Advocate for the poor and homeless. As the NHC says,

Advocacy is critical to creating the systemic changes needed to end (poverty) homelessness. Advocacy means working with people experiencing (poverty) homelessness to bring about positive changes in policies and programs on the local, state, and federal levels. It means working with various sectors of the community (e.g., city/county officials, members of Congress, direct service providers, and the business community) to develop workable strategies for responding to (poverty) homelessness. It also means changing your language and behaviors in small ways that may contribute to larger changes in the way people experiencing (poverty) homelessness are seen and treated in our society.”

The number of the impoverished and homeless in our nation is great and their needs are immense and seemingly overwhelming.

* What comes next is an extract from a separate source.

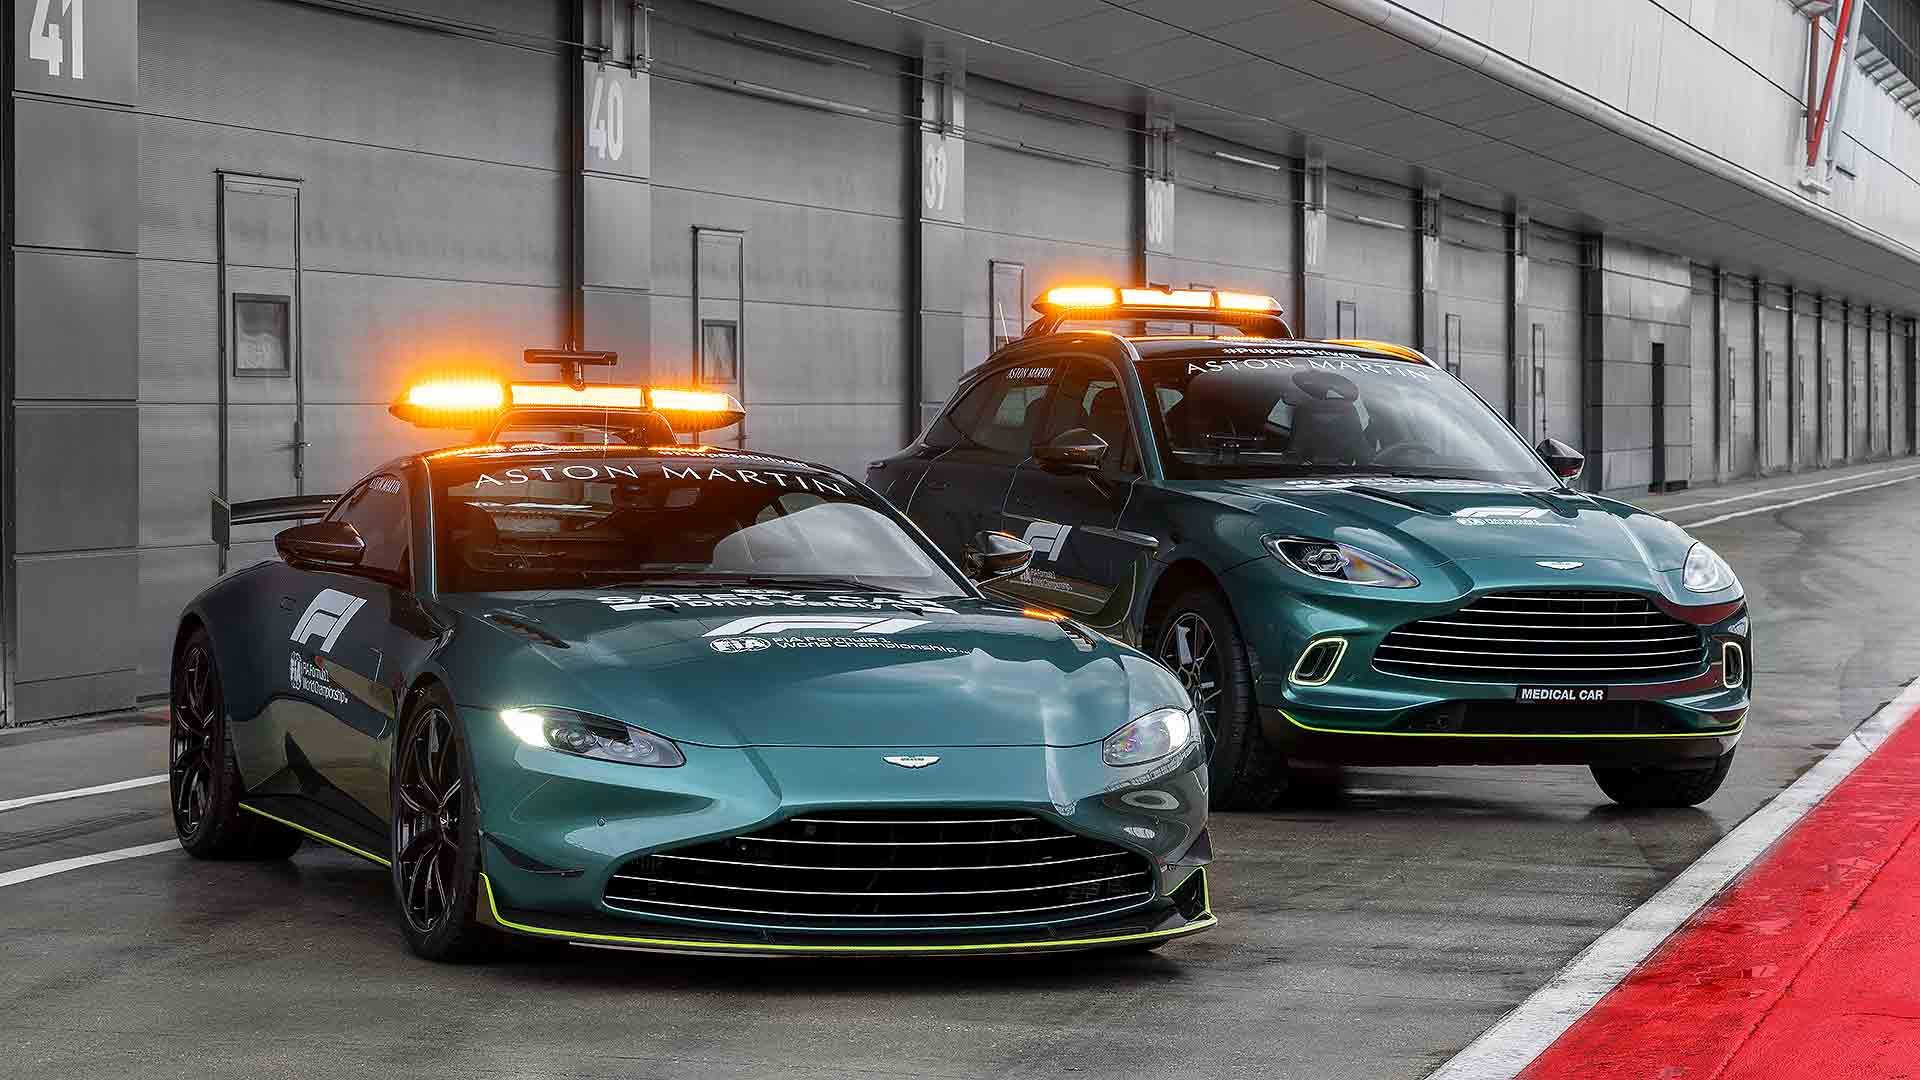 Aston Martin F1 safety cars

With the current economic situation in our nation and world, and the promise that it is going to get worse, the number of the poor and homeless is going to increase and the needs to meet will continue to grow in number and complexity.

So, it’s time for us to recognize the need and our responsibility to address it. It is time to educate ourselves and others about poverty and homelessness, to participate in meeting people’s needs, and to advocate for those in need.